■ WHAT IS NEEDED
The data below should be restated word for word, pictures omitted.

■ INPUT DATA
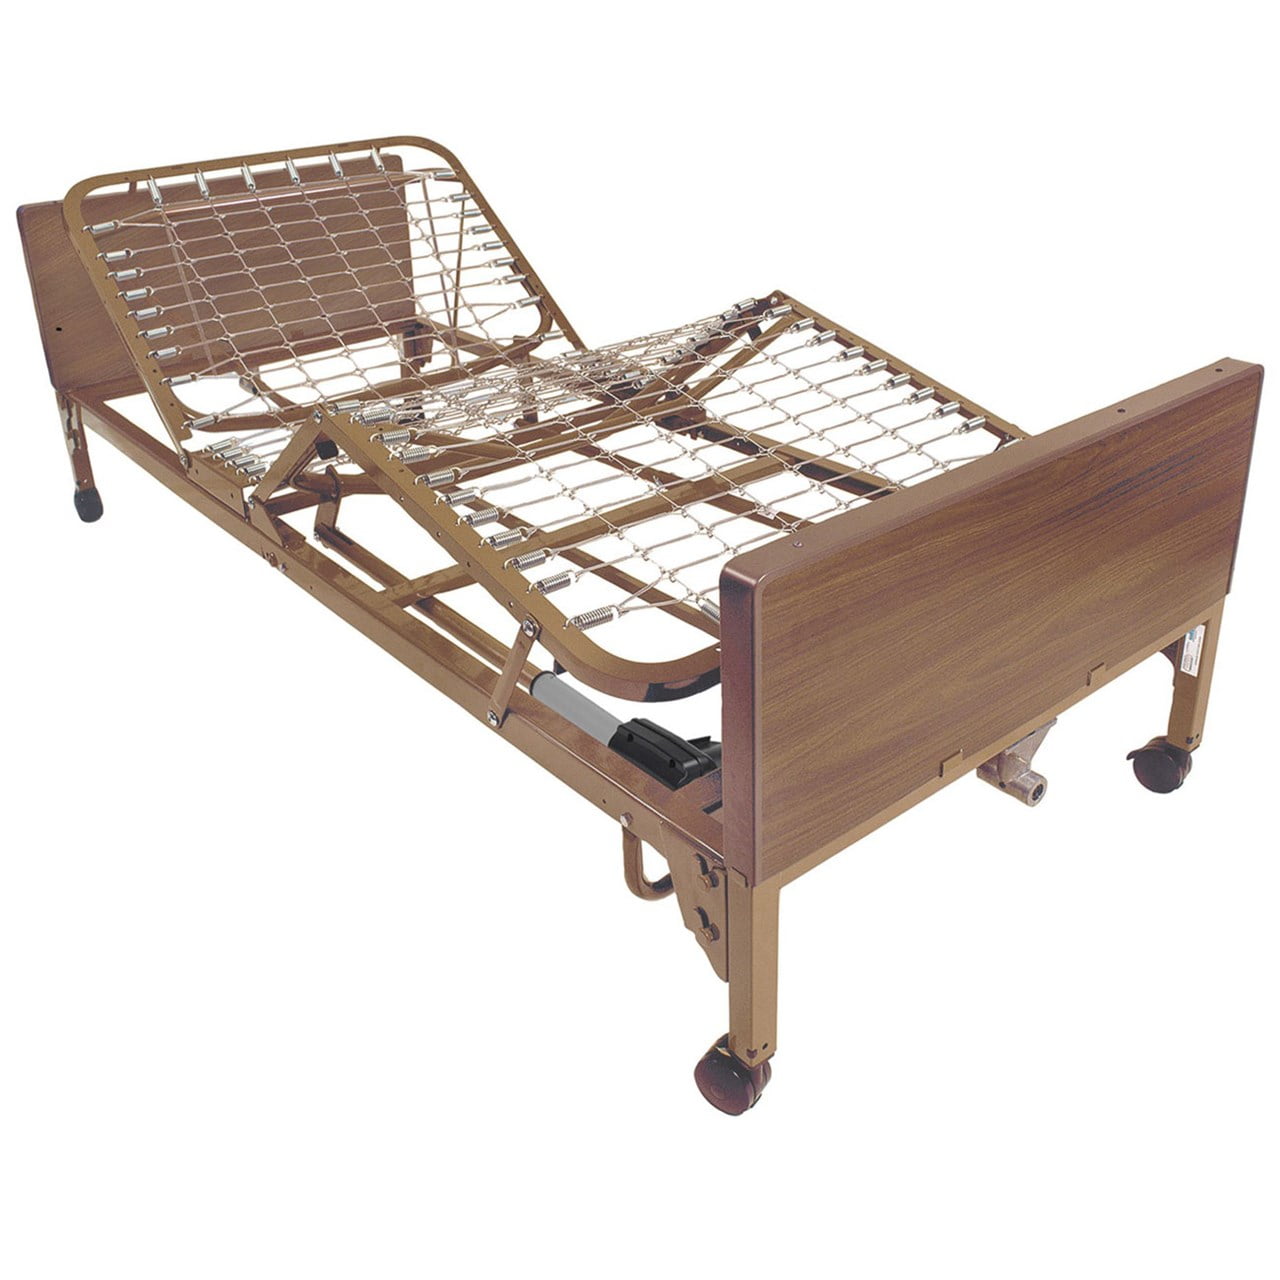 Luxury Multipurpose Jiecang Medical Hospital Bed Nursing Home Care Movable  Bed - Buy Multipurpose Hospital Bed,Movable Hospital Bed,Medical Nursing Bed  Product on Alibaba.com
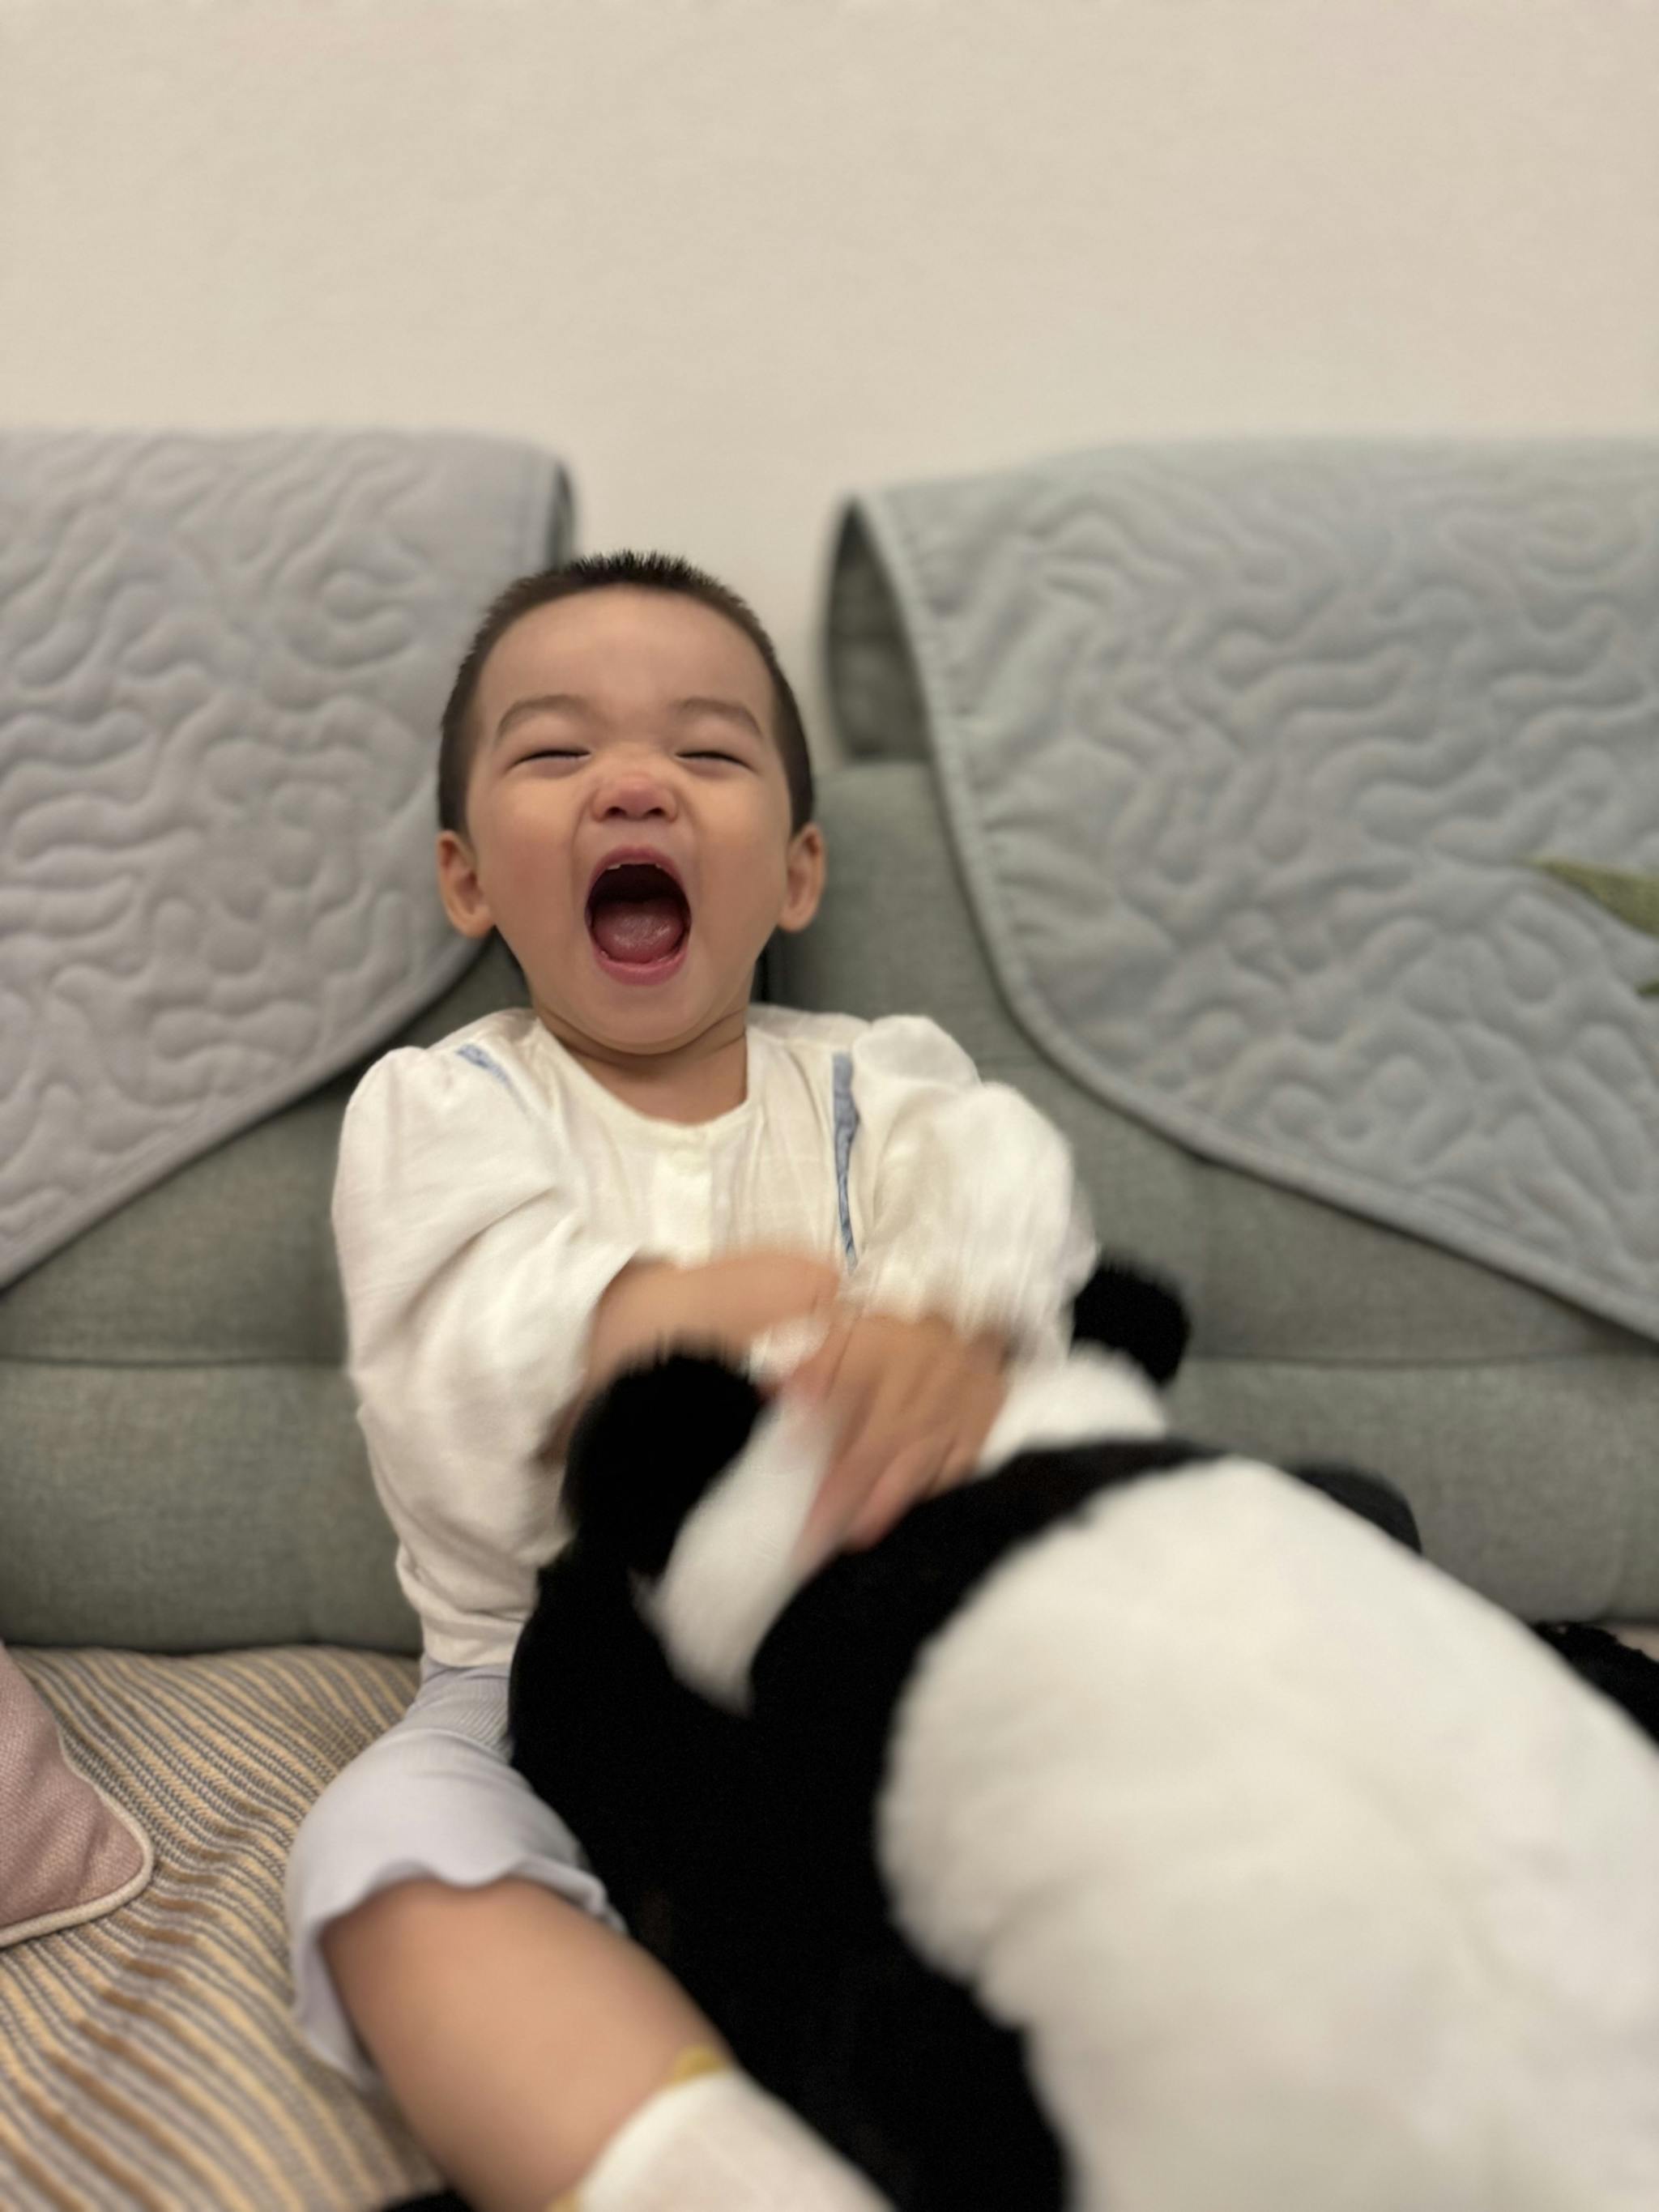 A joyful toddler with an open mouth is sitting on a couch, holding a black and white stuffed animal
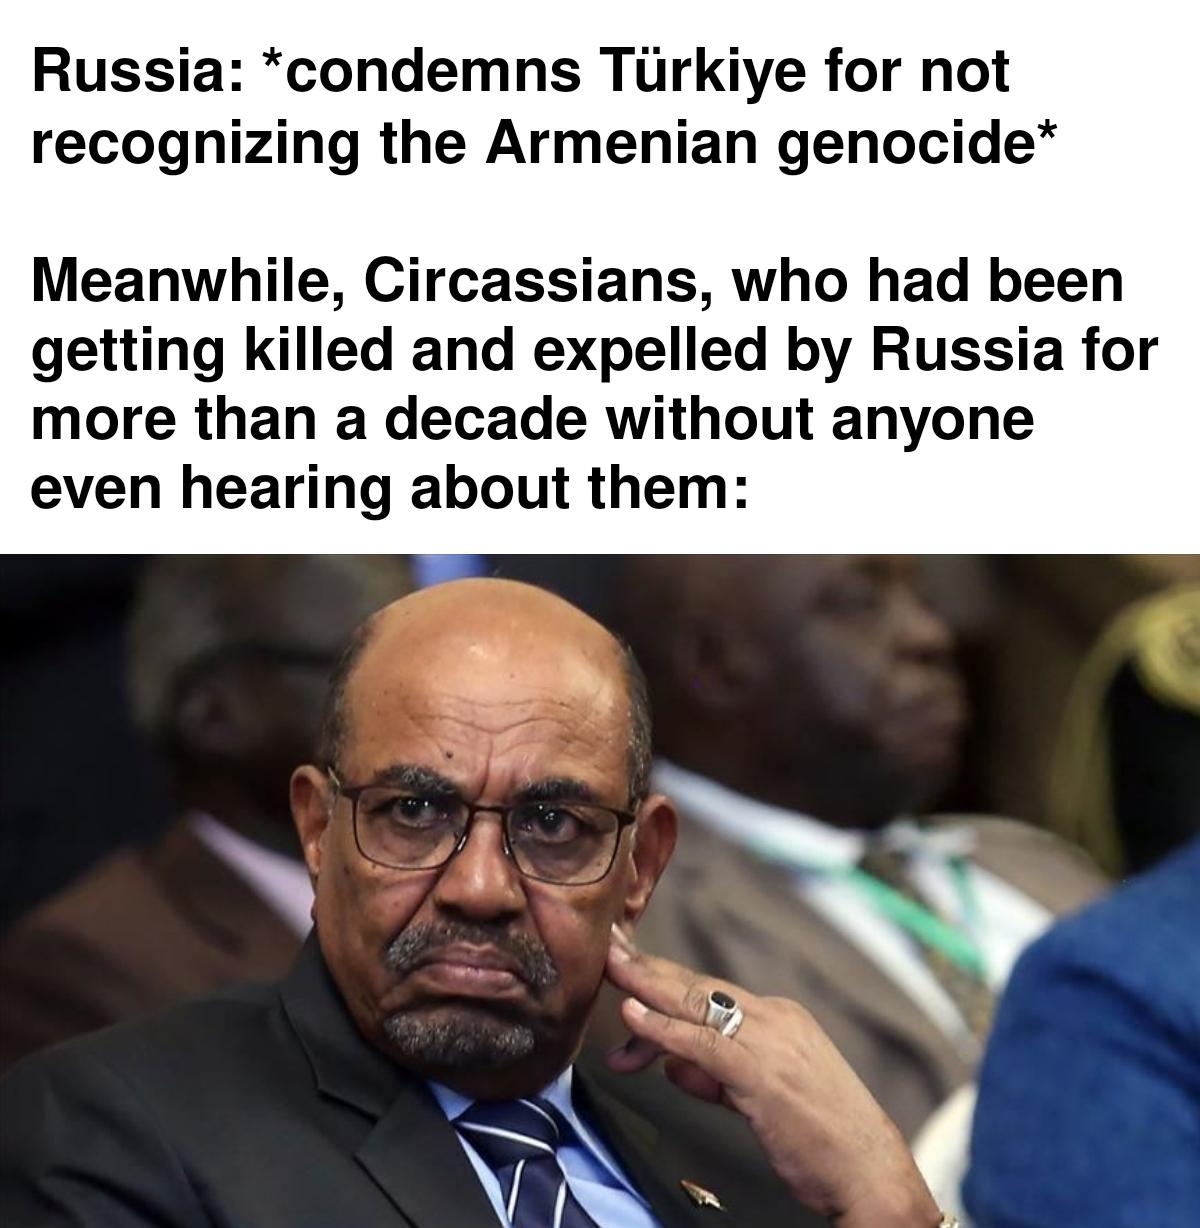 Russia: *condemns Türkiye for not recognizing the Armenian genocide* Meanwhile, Circassians, who had been getting killed and expelled by Russia for more than a decade without anyone even hearing about them:

■ ANSWER
 Luxury Multipurpose Jiecang Medical Hospital Bed Nursing Home Care Movable  Bed - Buy Multipurpose Hospital Bed,Movable Hospital Bed,Medical Nursing Bed  Product on Alibaba.com
 A joyful toddler with an open mouth is sitting on a couch, holding a black and white stuffed animal
 Russia: *condemns Türkiye for not recognizing the Armenian genocide* Meanwhile, Circassians, who had been getting killed and expelled by Russia for more than a decade without anyone even hearing about them:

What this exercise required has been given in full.